Tax Hikes Good for Social Justice, and Nothing Else

A recent celebratory video showed a mildly content Obama applauding Congress for "compromising" by agreeing to raise the debt ceiling through the next election cycle in exchange for long-term spending cuts, but he went on to reiterate the need for the wealthy to chip in more than they have because "that's only fair."   Yes, the American people have twice rebuked his attempts to legislate tax hikes for the wealthy within the last year, and a multitude of economists have warned of the danger of any such legislation, and yet he still he clings to the notion with uncanny resolve. 

Apparently, losing consecutive battles and his troops' morale will not deter him from fighting his war to increase taxes upon the rich.  But in preparation for the renewed offensives against the wealthy that Obama will undoubtedly launch in the coming months, perhaps we should just focus on simple facts to prove that raising taxes will yield utterly destructive economic results.

The left very rarely deviates from their standard talking points about the moral imperative of taxing the wealthy, like how the rich make "enough money" or that they "need to pay their fair share." But when they do, the argument usually goes something like this: taxing the rich more will yield more revenue for the federal coffers, and more money in the coffers means economic growth.  But this, their best argument of any substance, is little more than a dreadfully flawed assumption that does not take current global contexts into account. 

In his monthly market forecast, Markus Schomer, Chief Economist for Pinebridge Investments, lets us in on some grim facts, assuring us that "spending cuts and tax increases will both hamper growth."  And he suggests that employing both of these tactics at once, which is the "balanced" approach Obama suggested two weeks ago in the White House, would likely result in the toxic economic scenario we've seen play out in the UK, "where drastic spending cuts and tax increases have pushed domestic demand back into recession."  A more proper solution, he describes, might be to achieve "credible long-term deficit reduction through spending caps and entitlement reform, but refrain from damaging domestic demand any further."

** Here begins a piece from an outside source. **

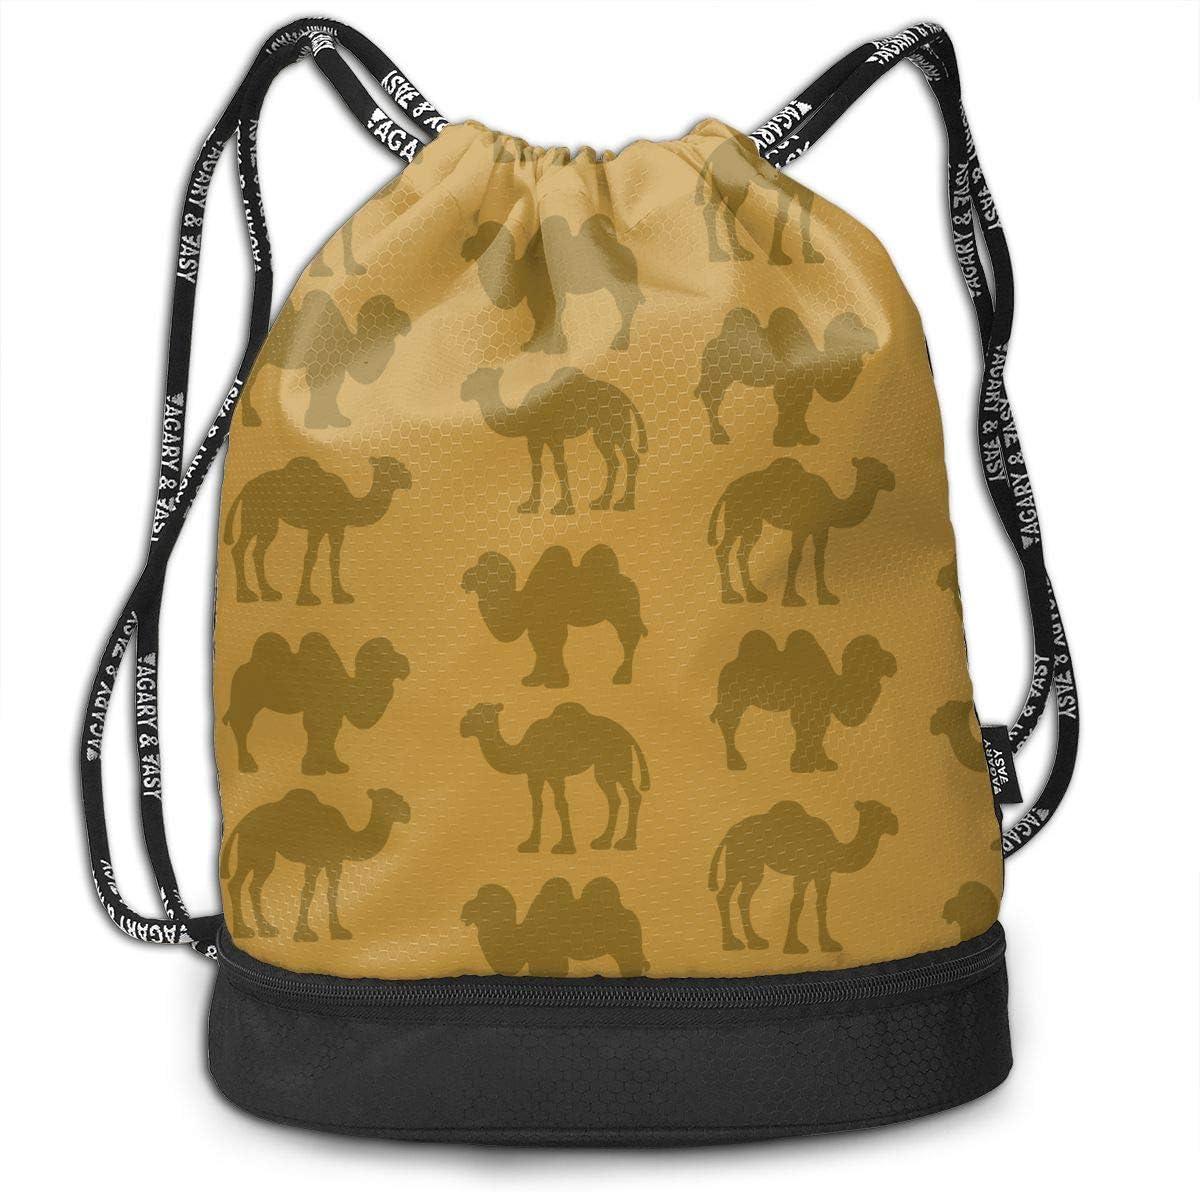 HUOPR5Q Camping is in-Tents Drawstring Backpack Sport Gym Sack Shoulder Bulk Bag Dance Bag for School Travel

If Schomer's example of how tax increases have helped to kill domestic demand in the UK and drove them into recession isn't enough, consider our domestic example.  California, after enjoying budget surpluses at the turn of the millennium, is now buried under a mountain of debt that dwarfs most other states, and only a fool would tell you that the crisis is not tied to tax legislation.  The "high rates and collections" of California's tax system has compromised its "long-term competitiveness and economic growth," and much of its fiscal failure can be attributed to their devotion to the "idea that paying for broadly available public services" is achievable "through disproportionate taxes on high-income earners."  That plan ruined California when those high-income earners began a mass exodus from the state to others that offered tax-incentives to earn their business.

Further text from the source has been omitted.